Information provided
[Start of Attachment]

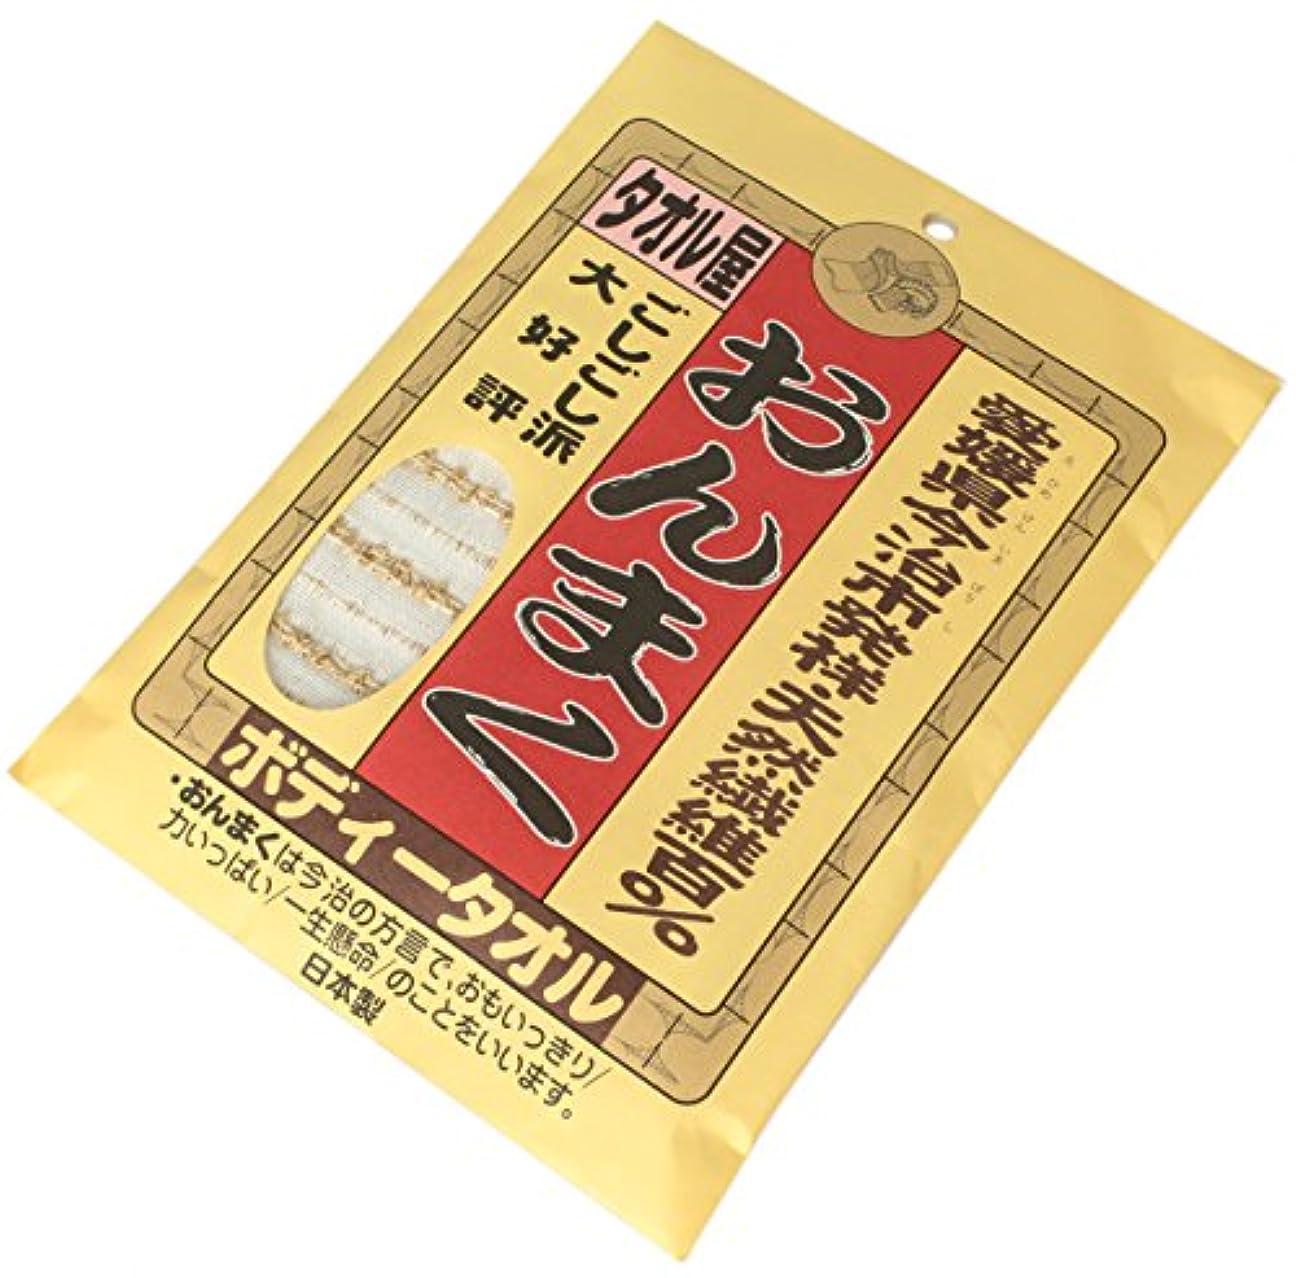 破壊的簡潔な大人今治タオル ボディタオル 日本製 ハード おんまく
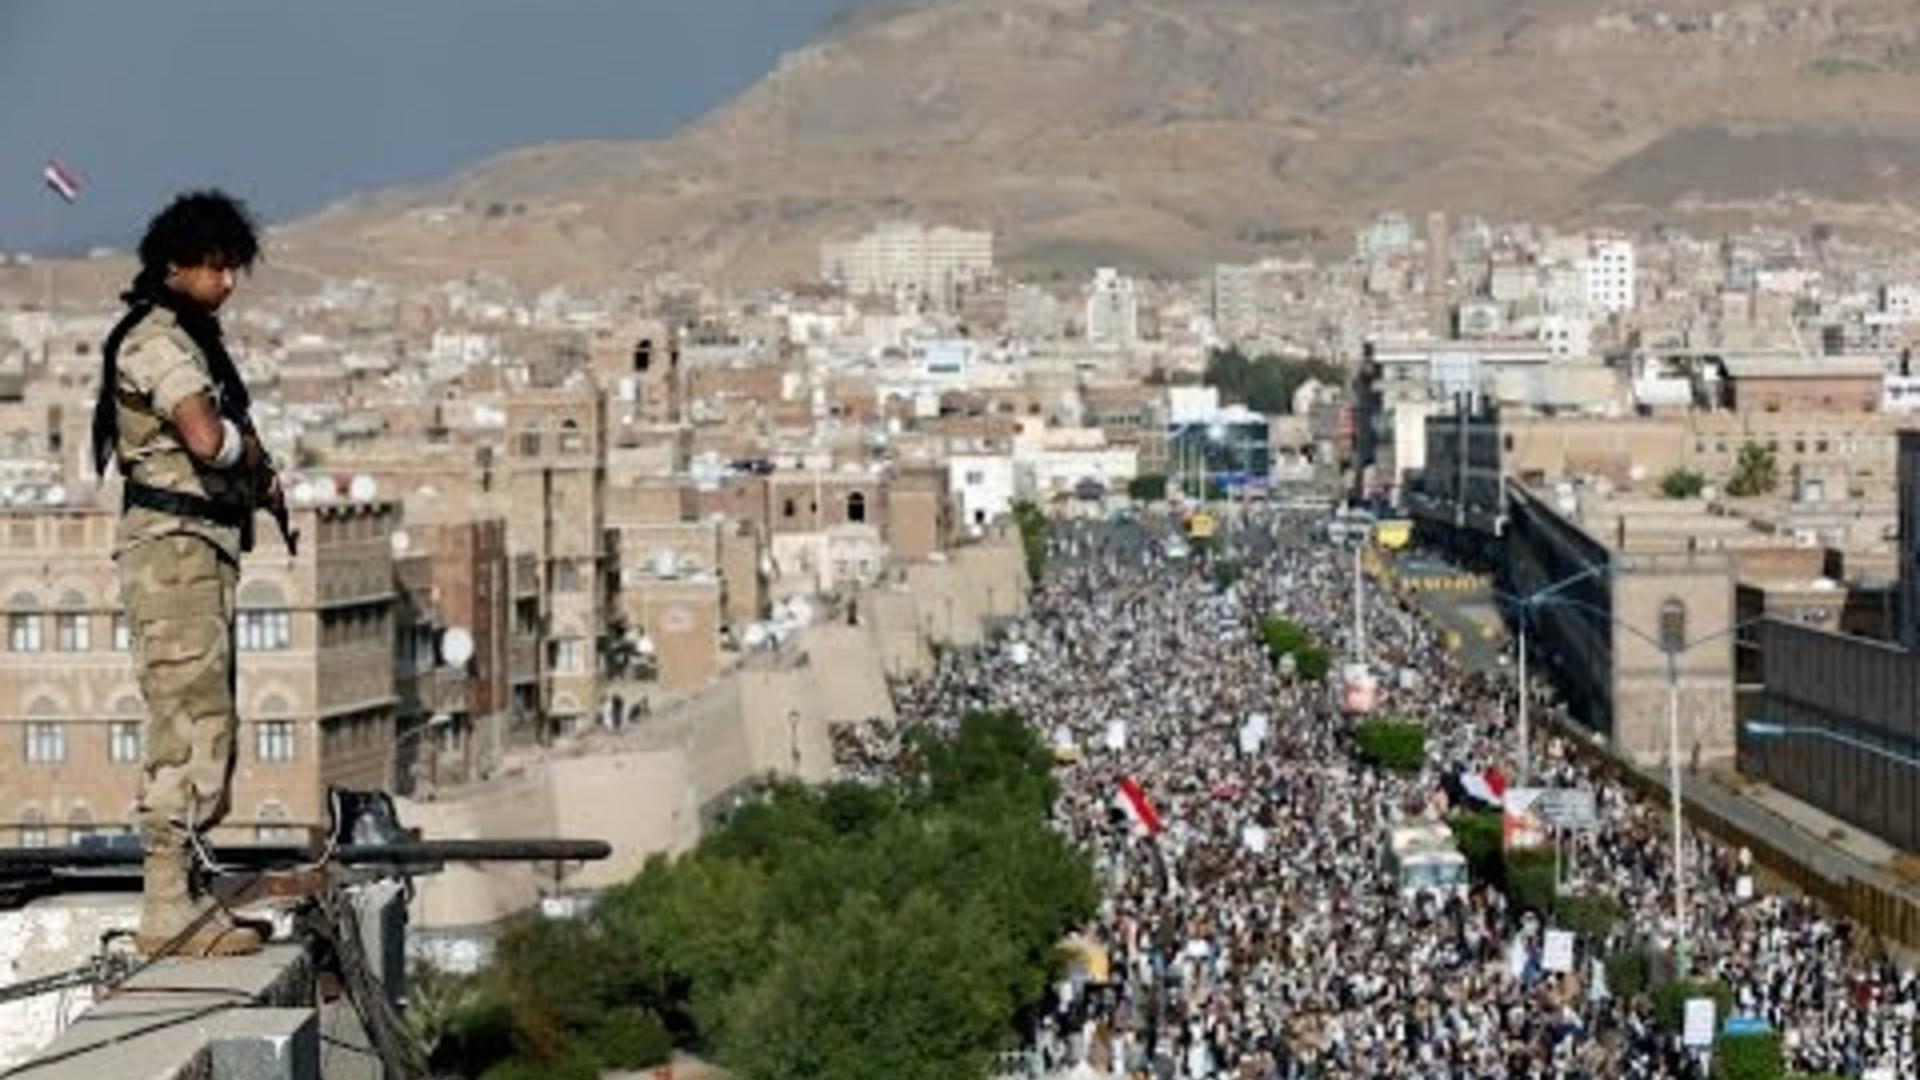 Geopolitica: la reale natura del conflitto nello Yemen - '900 Letterario    Letteratura del '900, critica, eventi letterari, cinema, politica, attualità
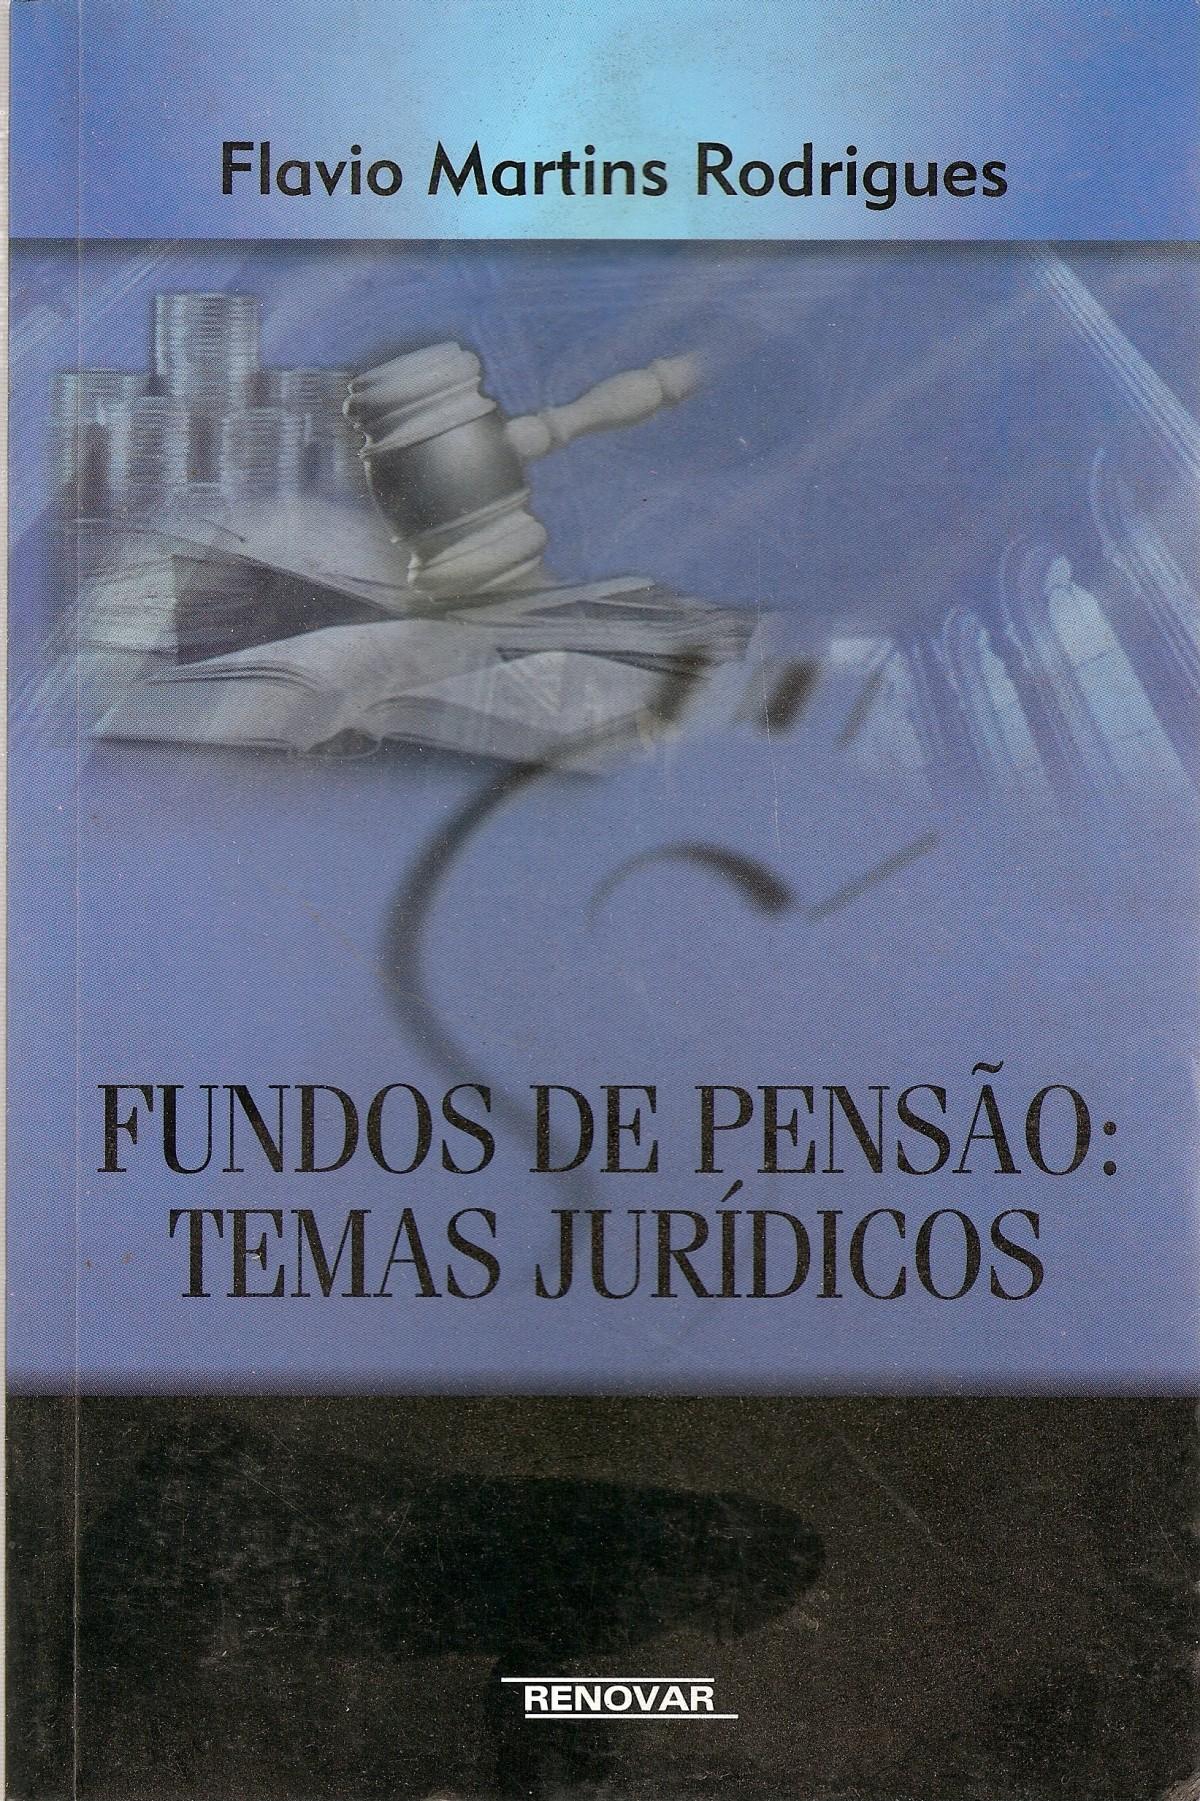 Foto 1 - Fundos de Pensão: Temas Jurídicos

[End of Attachment]

Where an image appears in the data, skip it, and return the rest verbatim.

 破壊的簡潔な大人今治タオル ボディタオル 日本製 ハード おんまく
 Geopolitica: la reale natura del conflitto nello Yemen - '900 Letterario    Letteratura del '900, critica, eventi letterari, cinema, politica, attualità
 Foto 1 - Fundos de Pensão: Temas Jurídicos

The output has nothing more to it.